Topics Discussed: The structure behind using nested if statements effectively and how easy it is to get them confused!

Source Code Available Here

Nested if structure
In this video I give you a fairly simple example as to why we should avoid nested if statements whenever we possibly can. The primary reason behind this is because they syntax is overwhelming, and it simply becomes very difficult to read / understand.

The syntax of a nested if is exactly the same as a normal if / else statement, except that it takes place in the ‘payload’ of an existing if / else statement.


There isn’t really too much to write up about this lesson, as it built off of what we covered in the lesson before now. Just watch your syntax and you should be able to grasp this almost immediately.

Apologies about this being a two-part video, AND for my mic volume being weird, in future videos this is fixed. I’ll consider re-recording this later


Topics Discussed: Using math functions with if-based logic to choose the output of a program

Source Code Available Here

8-2 Here


Topics discussed: Same as above

Source Code Available Here

In these videos I talk a little bit about java.lang.Math; An include that allows us to do some simple mathematical calculations in our code in conjunction with the if-statements we’ve been talking about.


java.lang.Math functions
There are a LOT of different constructs in the java.lang.Math library, but the ones we use in this lesson seem to be the most common of them. Raising a number to a power, and taking the square root of a number. The code for each of these is as follows: (assuming you have the import in your code)


Math.pow(numberOrVariable, powerRaisingTo);
Example:
Math.pow(x, 3); // raises x to the 3rd power.

Math.sqrt(x); //Takes the square root of x.

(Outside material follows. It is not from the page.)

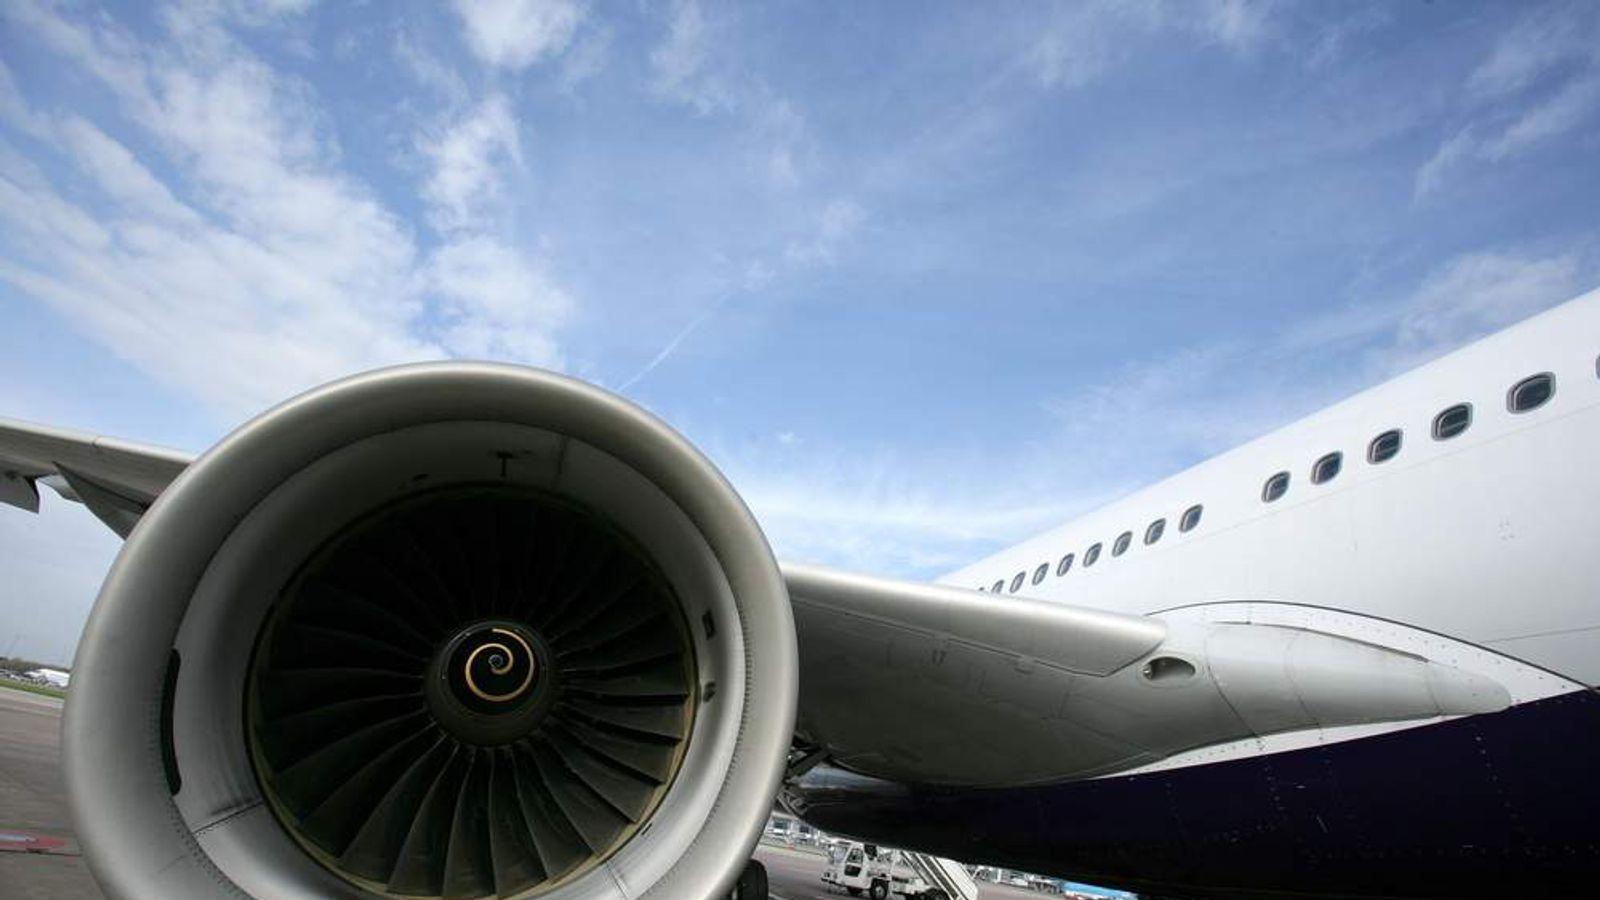 Rolls-Royce aircraft engine

Topics Discussed: Boolean Logic / Operators

Source Code Available Here

HomeWork Available Here


Boolean operators
Boolean operators are variables which have two states, “true” or “false” (default is false if you use a simple declaration). These can be used in a variety of ways, but are most typically seen when you need to confirm that something happened in an if statement or a loop (in later lessons). Here’s an example:


int empPay1=0;
boolean isChanged;//ischanged defaults to false
System.out.println("Enter the income for employee 1 that is greater than 0.");
empPay1= input.nextInt(); // Enter pay

if (empPay1 > 0){// if the value is > 0, meaning it's been changed
     isChanged=true;
}

if(isChanged){//if the value has been changed (by the if above)
     System.out.println("empPay has been changed");
}
//You could just use an else here, but instead you could use the following:

if(!isChanged){
     System.out.println("empPay has not been changed");
}


In the above example I show that booleans can be used in place of the standard if conditionals and used as a simple true / false that is set as part of another conditional. At present these must seem convoluted, but in the future when our variables change around a bit more it will make more sense to use these than other pieces of code.